10. A biometric identification method, comprising:

activating a biometric identification card including first scanning a biometric feature of a person and writing biometric information from the scanning into a radio frequency identification (RFID) element embedded in the biometric identification card;

without insertion or contact, reading the biometric information from the RFID element;

second scanning a biometric feature of a person presenting the biometric identification card as part of an access transaction to obtain a comparison set of biometric information;

determining whether the comparison set of biometric information is a match of the read biometric information from the RFID element of the biometric identification card; and

incrementing a counter value on the RFID element by transmitting a radio frequency signal to the biometric identification card when there is no match between the comparison set of biometric information and read biometric information.

11. The method of claim 10, wherein the determining of a match comprises determining whether the comparison set of biometric information matches the read biometric information within a preset accuracy percentage.

12. The method of claim 10, further comprising after the determining of a match, when there is a determined match determining whether an update of the read biometric information is to be updated and when an update to be made is determined, updating the read biometric data by writing the read biometric information into the comparison set of biometric information to the RFID element of the biometric identification card.

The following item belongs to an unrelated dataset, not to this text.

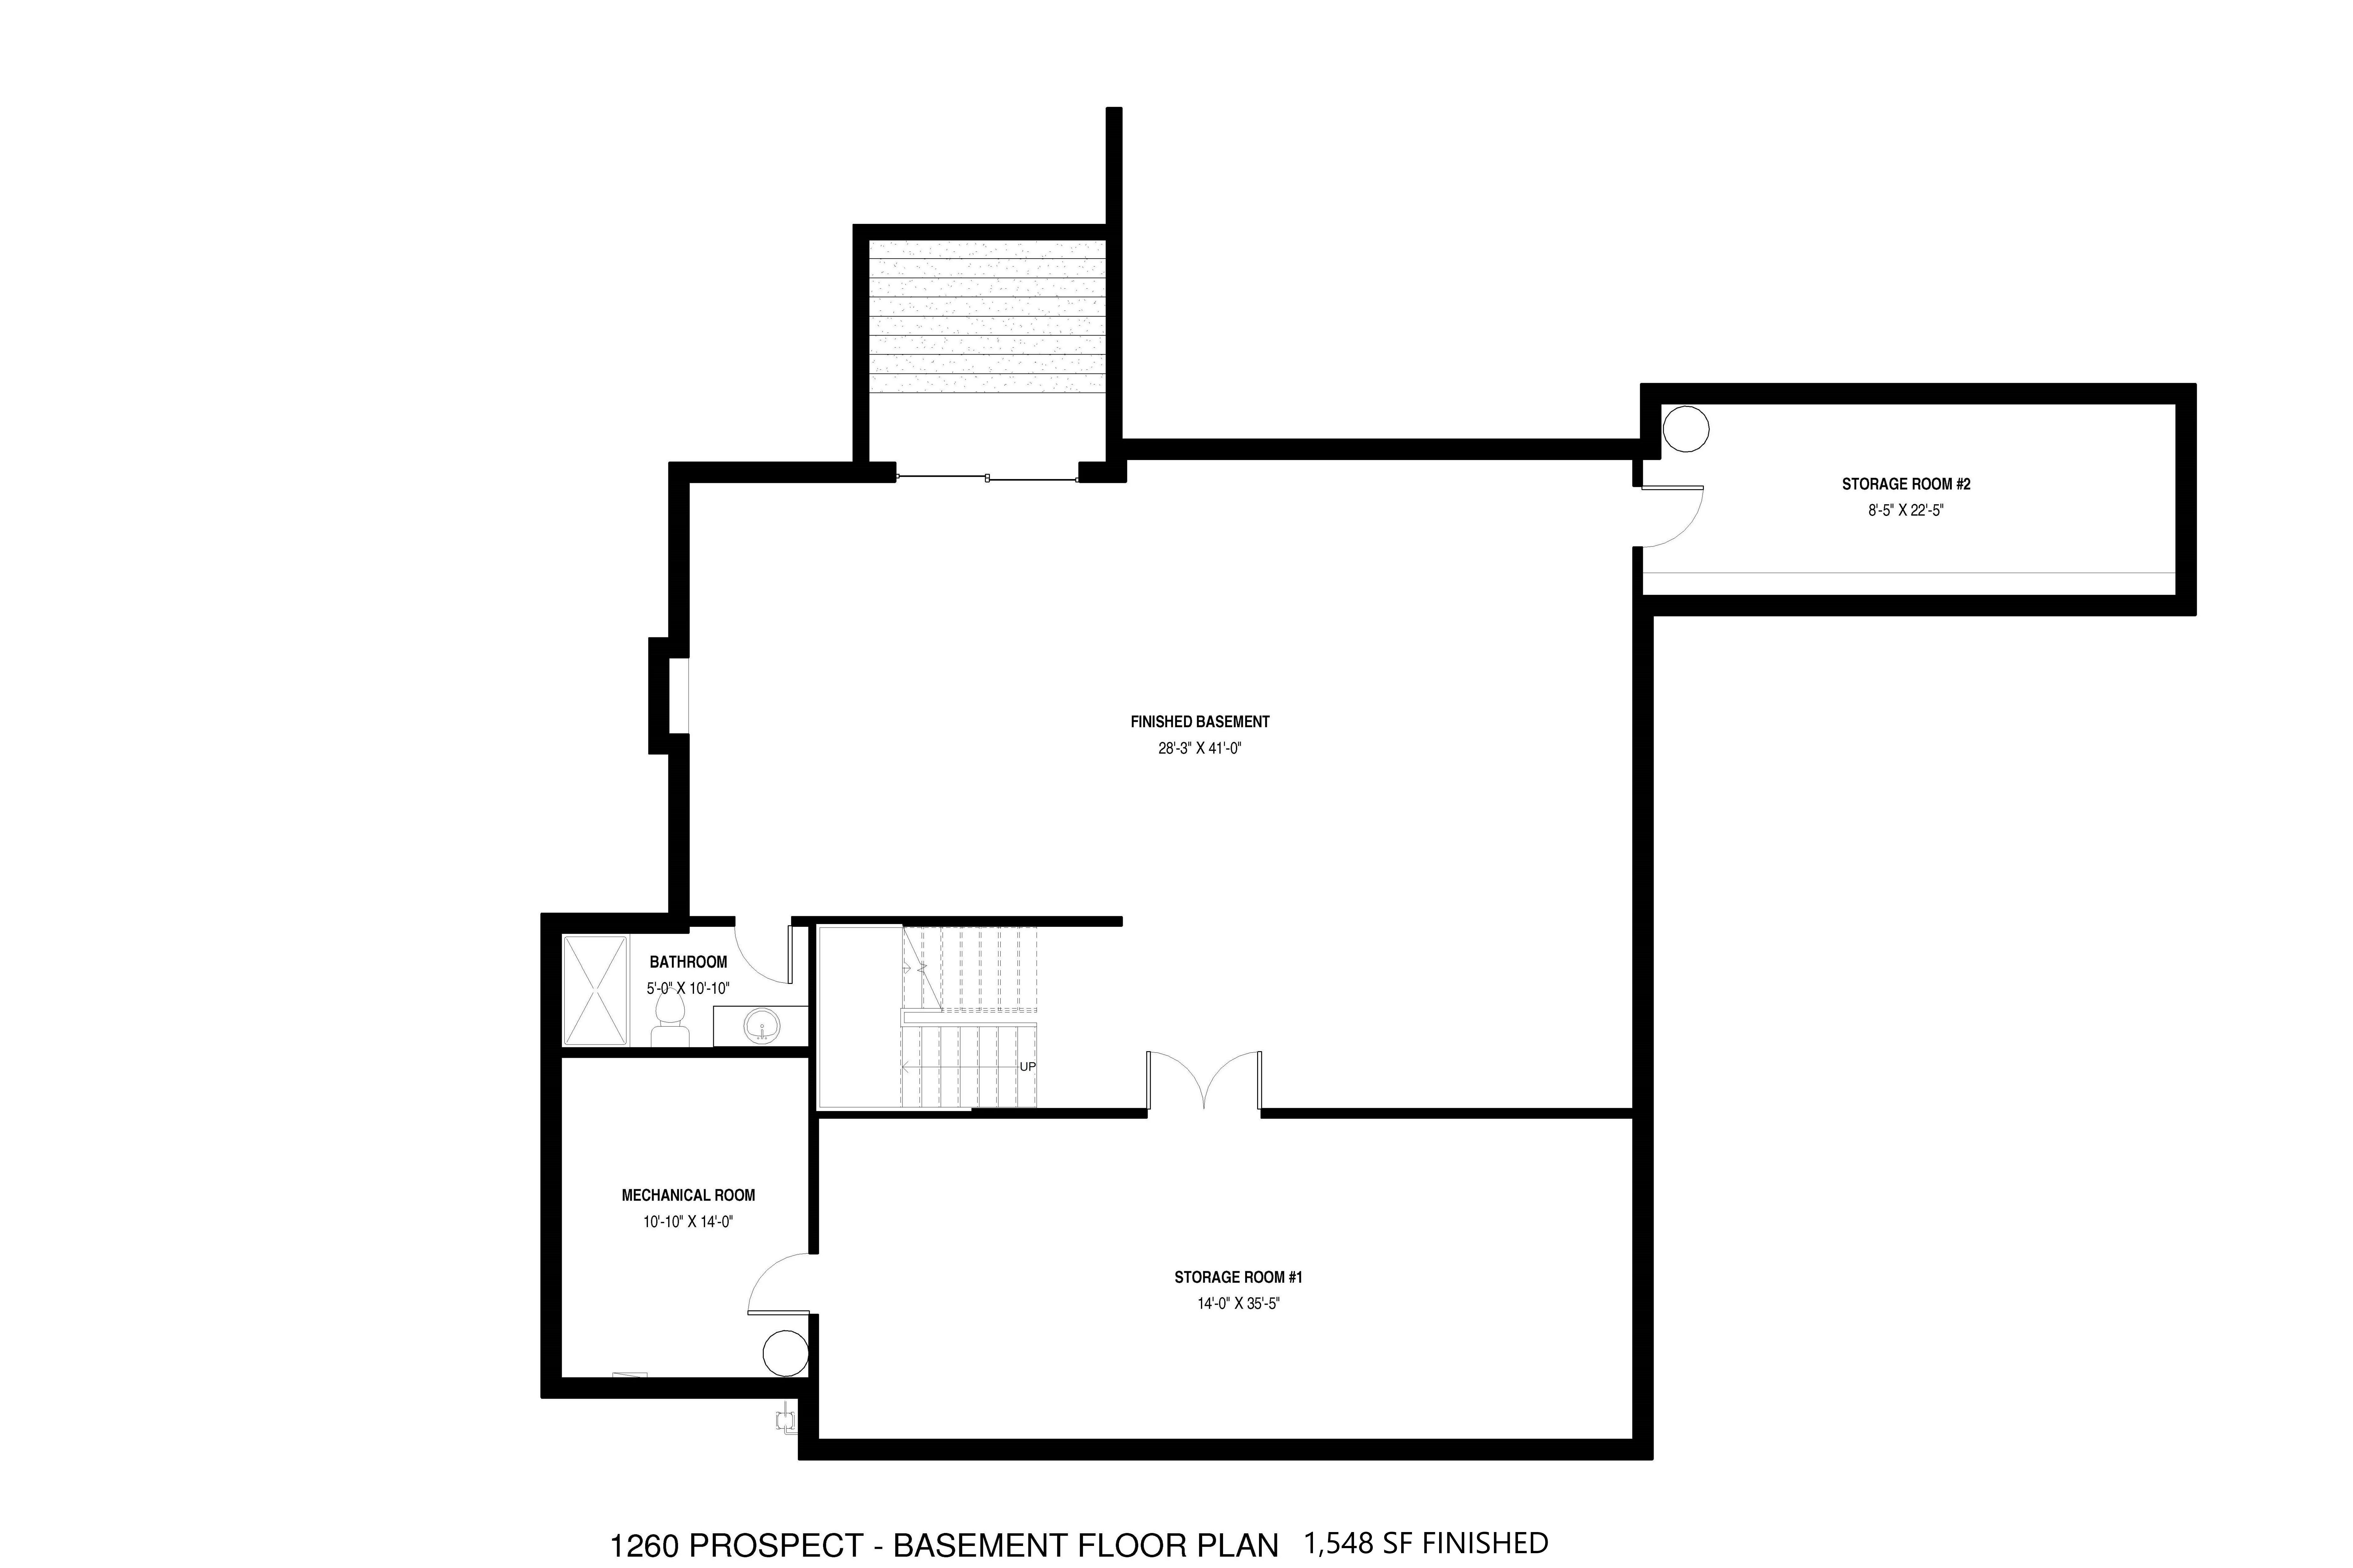 Finished Basement Floor Plan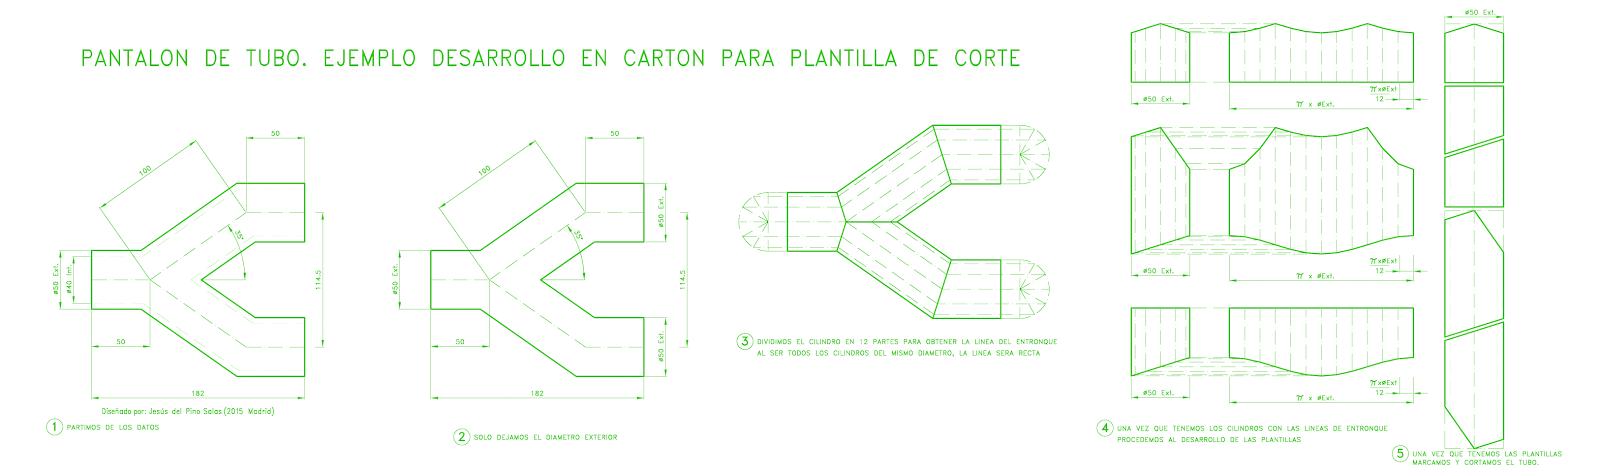 desarrollo y trazado de pantalón para fabricar con lamina o tubo ...

13. The system of claim 1, wherein the counter value is incremented to a value of 2 or greater.

14. The system of claim 1, wherein the counter value is reset to zero if a successful match is determined by the comparison mechanism.

15. The system of claim 1, wherein the comparison mechanism utilizes an adjustable level in determining whether a match exists, the adjustable level being set based on the level of security desired for the system.

16. The system of claim 1, wherein the identification system further includes a data collector collecting biometric data if more than a predetermined number of attempts to use the identification device are found not to match and a reporting unit to notify authorities of the attempts and the biometric data collected during the attempts.

17. The system of claim 6, wherein the counter value is incremented to a value of 2 or greater.

18. The system of claim 6, wherein the counter value is reset to zero if a successful match is determined by the comparison mechanism.

19. The system of claim 6, wherein the comparison mechanism utilizes an adjustable level in determining whether a match exists, the adjustable level being set based on the level of security desired for the system.

20. The system of claim 6, wherein the identification system further includes a data collector collecting biometric data if more than a predetermined number of attempts to use the identification device are found not to match and a reporting unit to notify authorities of the attempts and the biometric data collected during the attempt.

21. The system of claim 10, wherein the counter value is incremented to a value of 2 or greater.

22. The system of claim 10, wherein the counter value is reset to zero if a successful match is determined by the comparison mechanism.

23. The system of claim 10, wherein the comparison mechanism utilizes an adjustable level in determining whether a match exists, the adjustable level being set based on the level of security desired for the system.

24. The system of claim 10, wherein the identification system further includes a data collector collecting biometric data if more than a predetermined number of attempts to use the identification device are found not to match and a reporting unit to notify authorities of the attempts and the biometric data collected during the attempts.